Mandetta surpreende e aparece no Planalto para se despedir
Foto: Marcelo Casal Jr/Agencia Brasil
O ministro da Saúde, Luiz Henrique Mandetta reconheceu ontem que está prestes a deixar cargo por divergências com o presidente Jair Bolsonaro e fez do Palácio do Planalto o palco de sua despedida do governo, em uma coletiva transmitida ao vivo pela TV.
Nos bastidores, fontes afirmam que o desligamento de Mandetta deve acontecer ainda hoje. A equipe do ministro está ciente de que sua permanência no cargo se alonga no máximo até a sexta-feira.
Com a demissão dada como certa, o ministro surpreendeu repórteres e funcionários do Palácio do Planalto ao aparecer ontem para participar do balanço diário dos casos de covid-19 no país.
A Secretaria Especial de Comunicação Social (Secom) da Presidência havia avisado aos jornalistas que não haveria perguntas no evento. Mas Mandetta transformou o que seria uma divulgação burocrática de dados com perguntas pré-enviadas por e-mail em uma entrevista coletiva dinâmica e com vários pontos polêmicos.
“Eu não estou ministro por obra de nada diferente do que do presidente. E ele claramente externa que quer um outro tipo de posição por parte do Ministério da Saúde, que eu, baseado no que nós recebemos, baseado em ciência, tenho esse caminho para oferecer”, afirmou. “Fora desse caminho, tem que achar alternativas. E tem muita gente muito boa, gente muito experiente.”
Mandetta aproveitou para cutucar o deputado federal Osmar Terra (MDB-RS), que foi flagrado em uma conversa com o ministro Onyx Lorenzoni (Cidadania) defendendo a sua demissão. Na mesma fala, criticou a defesa feita pelo presidente do chamado isolamento vertical – de pessoas idosas ou com doenças crônicas.
“Isso [desentendimento com Bolsonaro] é uma coisa pública. Não é só o presidente. Existem outras pessoas.

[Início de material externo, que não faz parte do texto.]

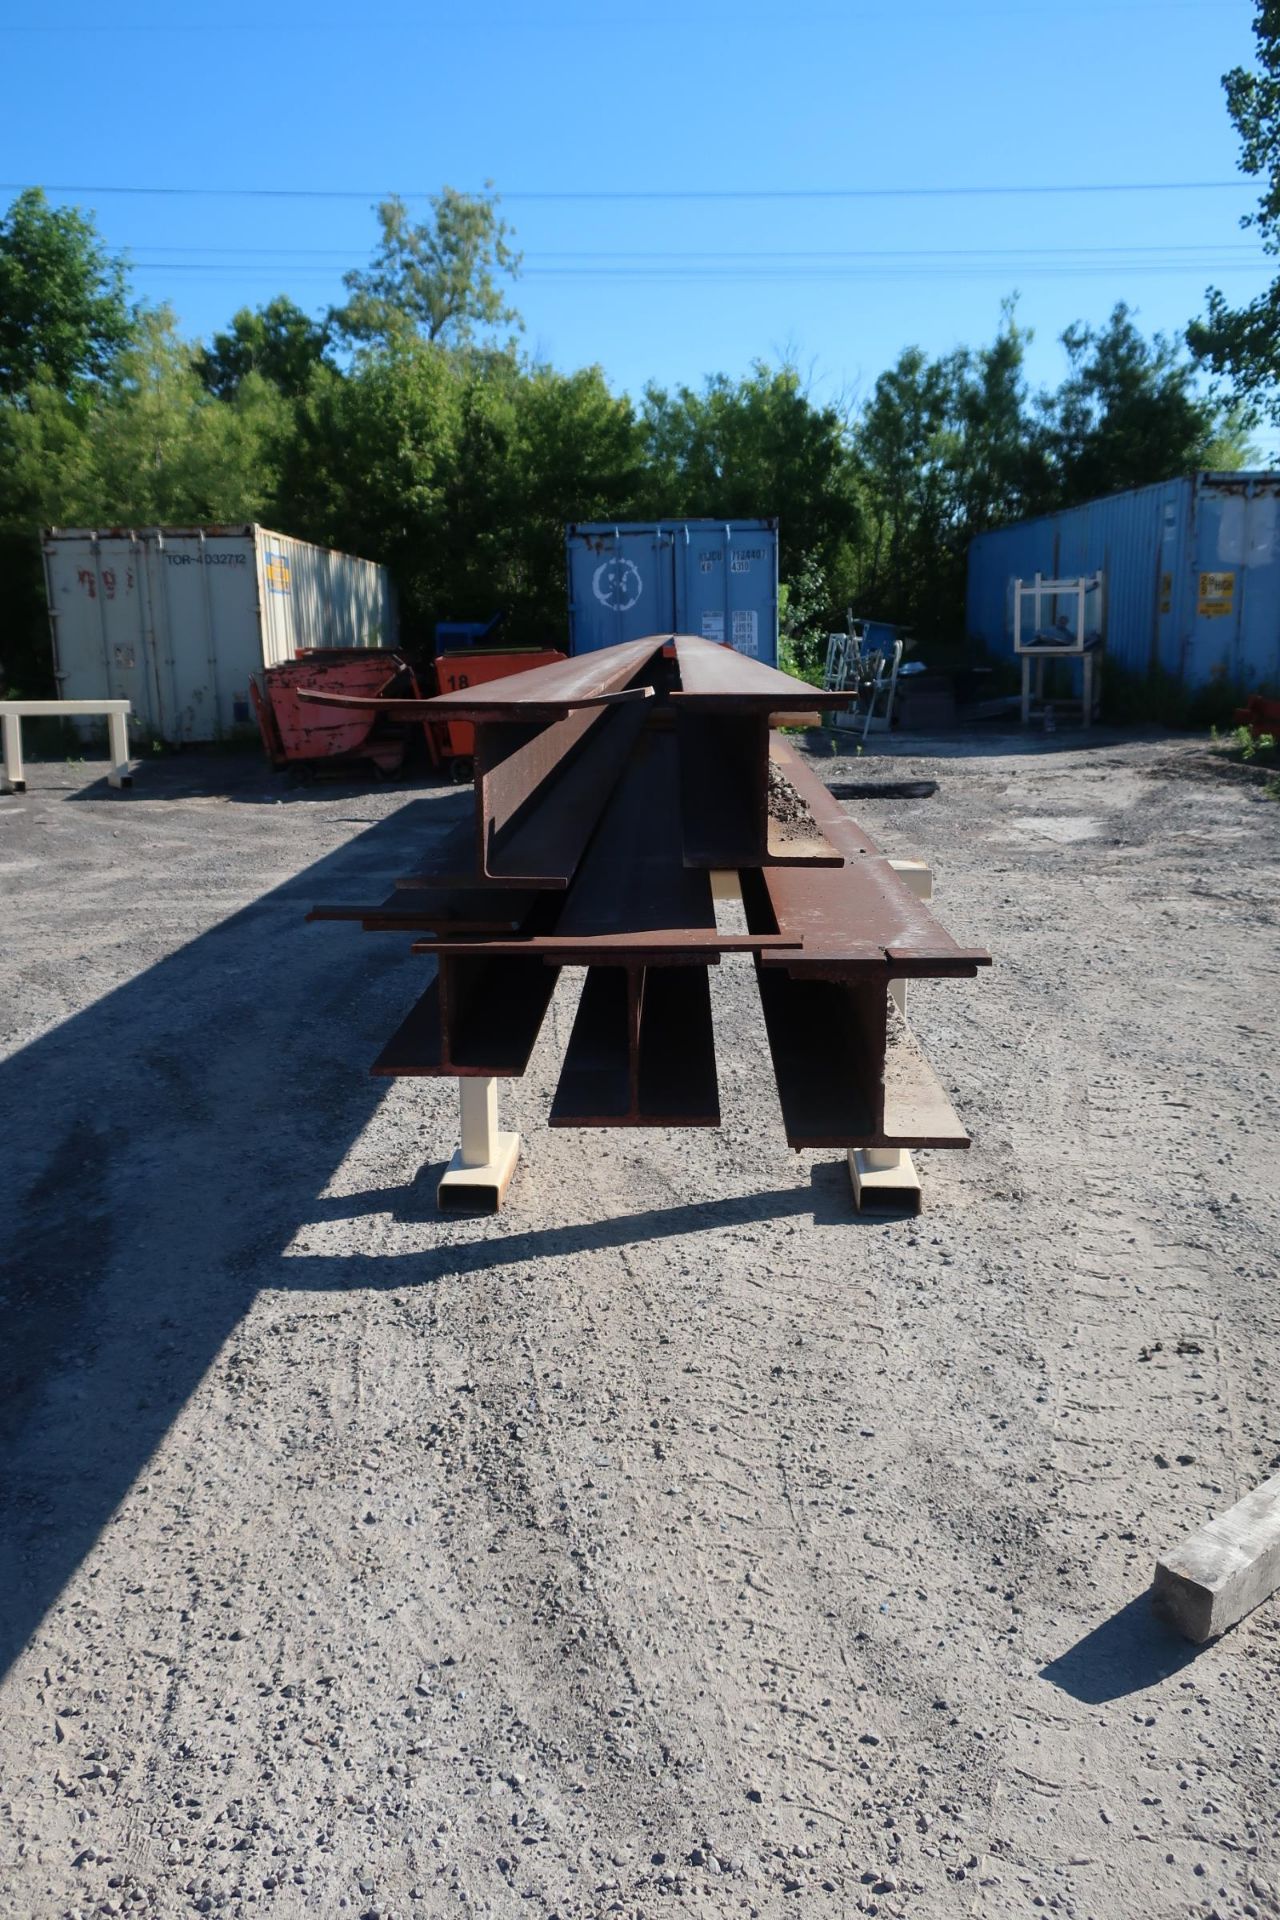 Lot of 5 (5 beams total) 40' Long each - 200' total - 8x8" - 1/2" flange, 3/8" web - Image 2 of 2
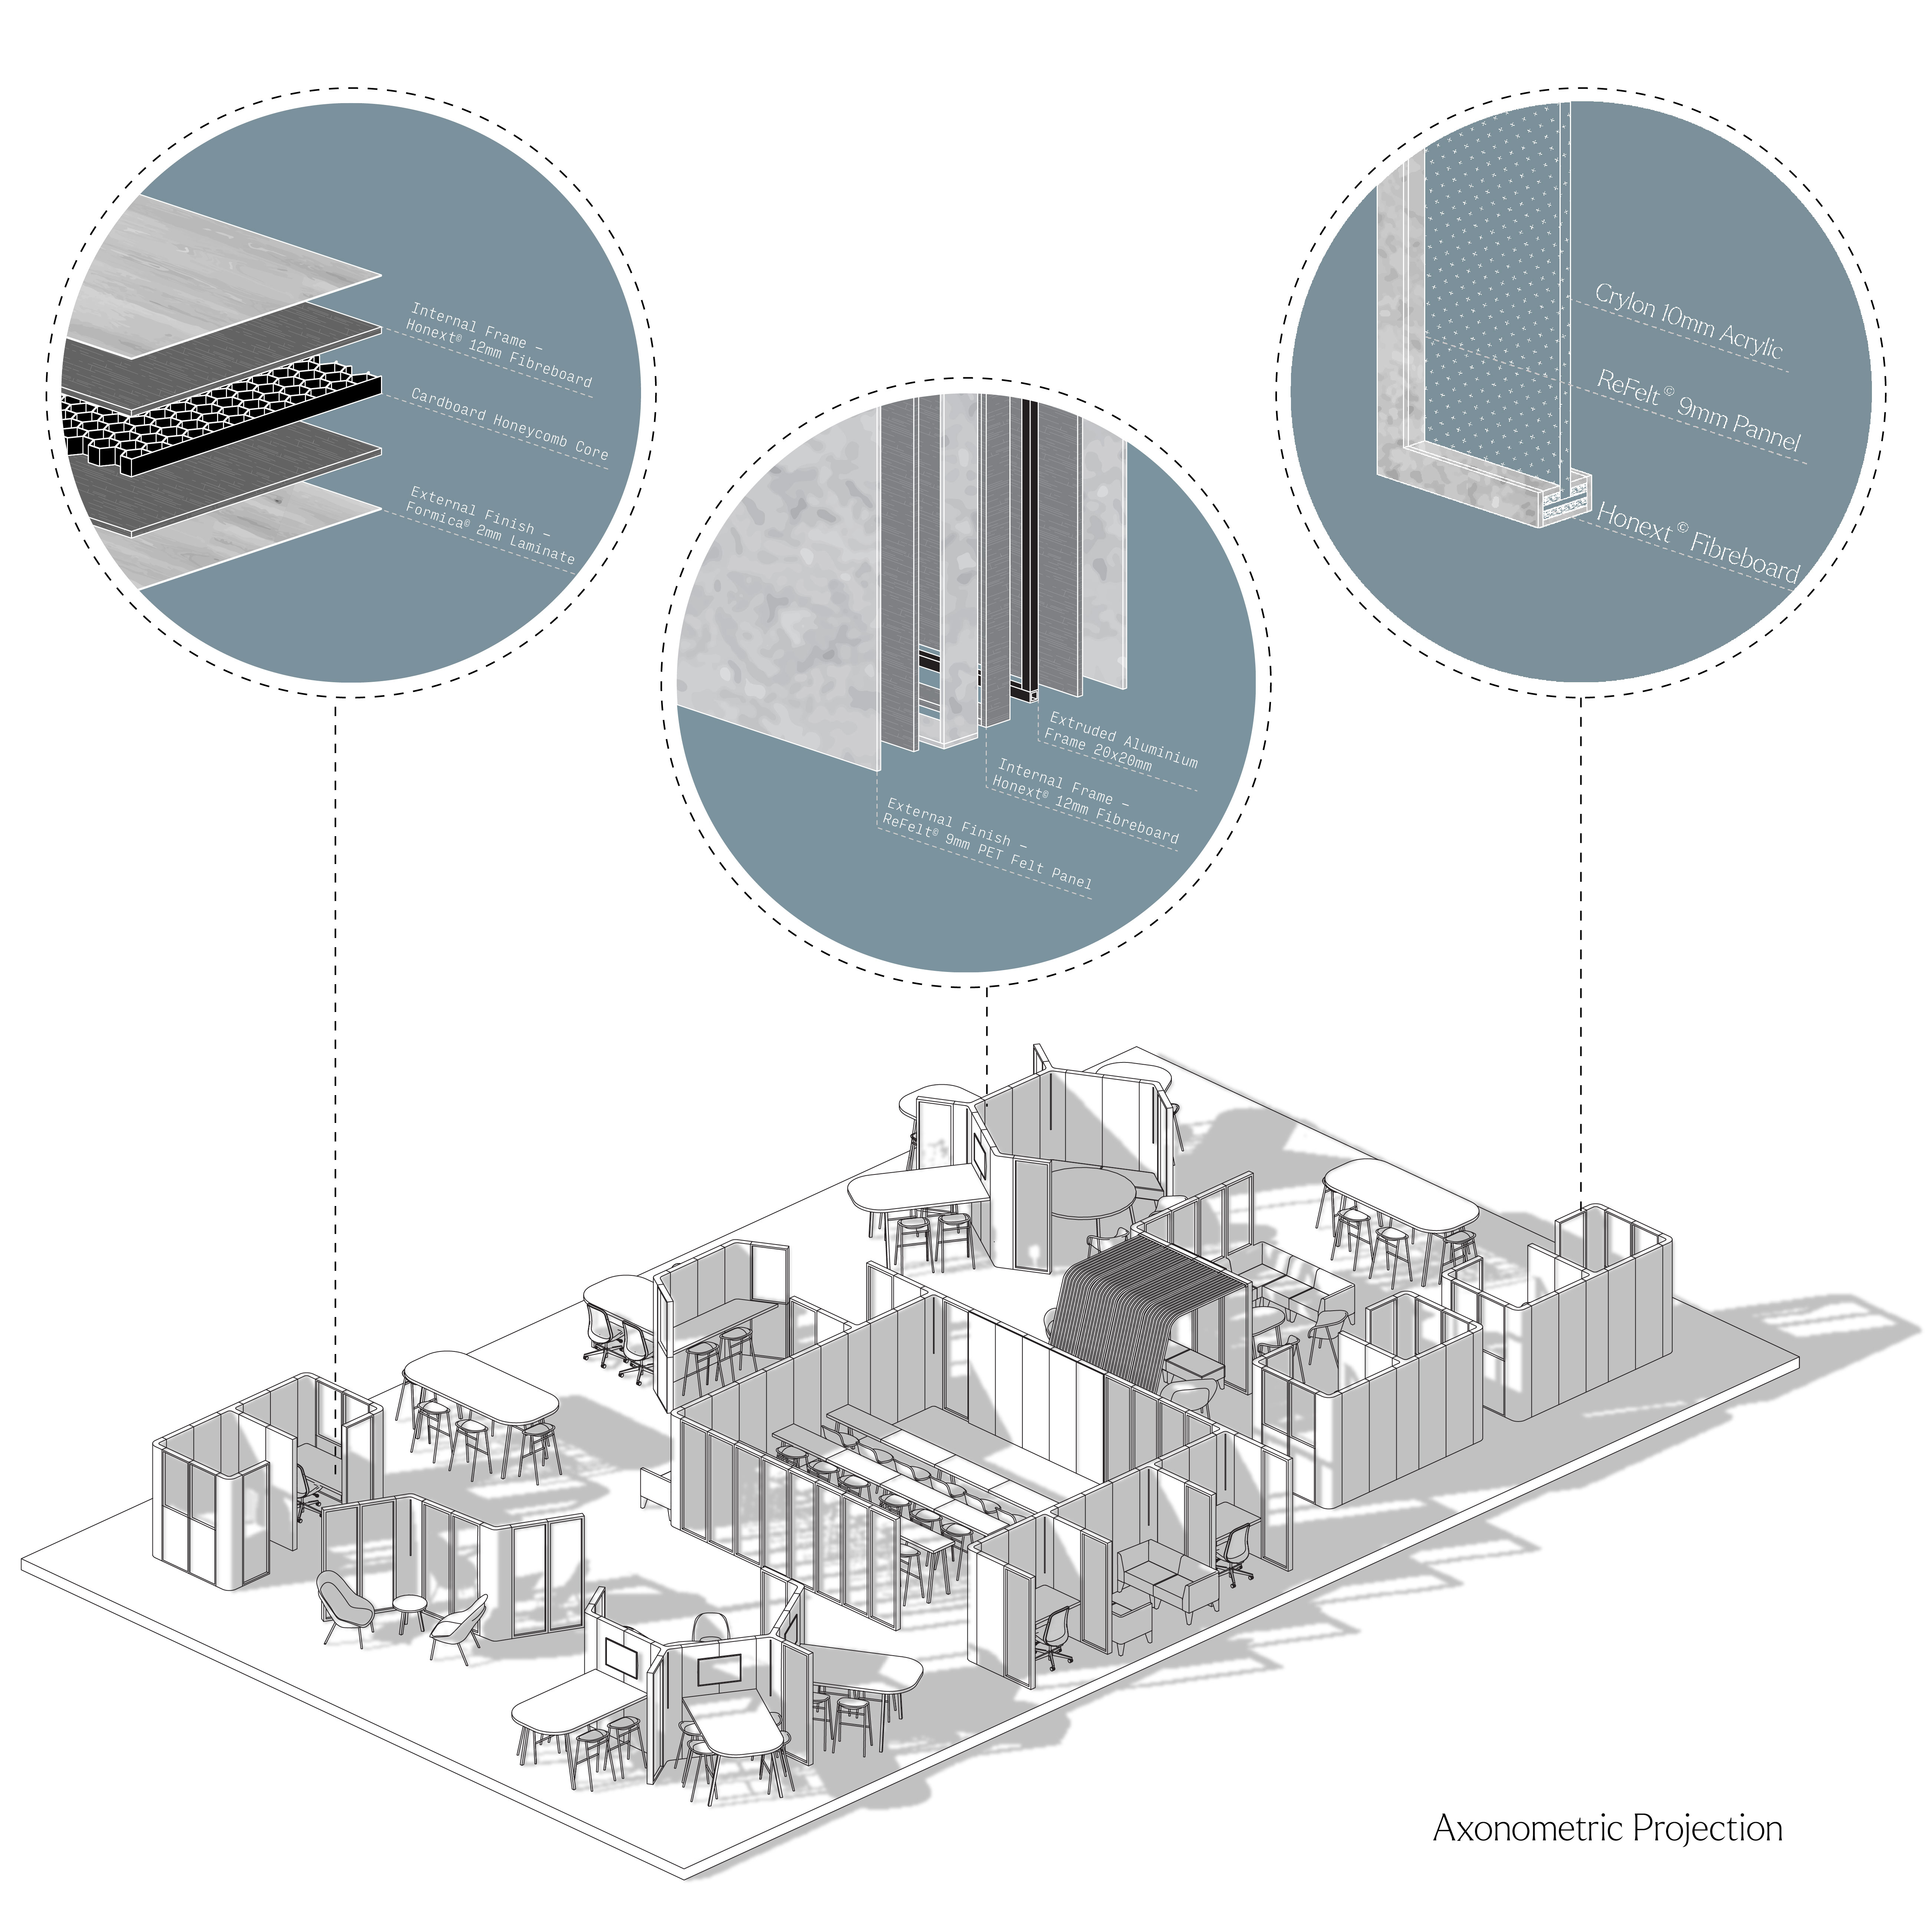 An axonometric projection and construction details of modular dividers and room layout.

Eu tenho ex-secretários de Saúde que verbalizam diariamente que acham que o caminho é outro, [como] o deputado Osmar Terra”, disse. “Existem pessoas que criam essas teorias de vertical, horizontal, não sei de onde vêm essas ondulações.”
Em uma espécie de balanço de sua gestão, Mandetta disse ainda que “até aqui, nós fizemos um trabalho muito elogiado por Banco Mundial, Organização Mundial da Saúde, os números [de mortes] que nós conseguimos domar, nós achamos que está bem”.
Ele também anunciou que não aceitava a demissão pedida horas antes pelo secretário nacional de Vigilância, Wanderson de Oliveira, que estava ao seu lado. “Entramos no ministério juntos, estamos no ministério juntos e sairemos do ministério juntos”, disse.
Também à mesa, o secretário-executivo da pasta, João Gabbardo, disse que não aceitaria substituir Mandetta caso fosse convidado por Bolsonaro, como vinha sendo especulado até então.
“Eu conheci o ministro Mandetta em dezembro de 2018. Eu fui convidado na transição […] e eu tenho um compromisso com o ministro Mandetta. “O dia em que ele sair, eu saio com ele”, afirmou. “Eu entrei no Ministério da Saúde em 1981. Ano que vem eu completo 40 anos de Ministério da Saúde. Eu não vou jogar no lixo esse meu patrimônio.”
Gabbardo ponderou que continuaria no posto “durante todo o tempo que for necessário para fazer a transição com toda a tranquilidade” – algo que Wanderson também disse que faria.
Na entrevista, Mandetta também criticou o uso indiscriminado da hidroxicloroquina, defendida por Bolsonaro como uma solução para a covid-19.
“Ou você se baseia na ciência ou fica no ‘eu acho’, ‘na minha experiência’, ‘eu tenho visto muitos casos’, ‘a impressão que eu tenho’”, disse. “Em ciência é a pior evidência, os estudos de relatos de caso são os mais frágeis.”
Horas antes da coletiva, em conversa com deputados da comissão externa que debate ações de combate ao coronavírus, Mandetta, afirmou ontem estar consciente de que será dispensado assim que o presidente Jair Bolsonaro definir seu sucessor. Filiado ao DEM, ele disse que está deixando “tudo organizado” para que seu substituto assuma a pasta sem ter a necessidade de um longo período de adaptação.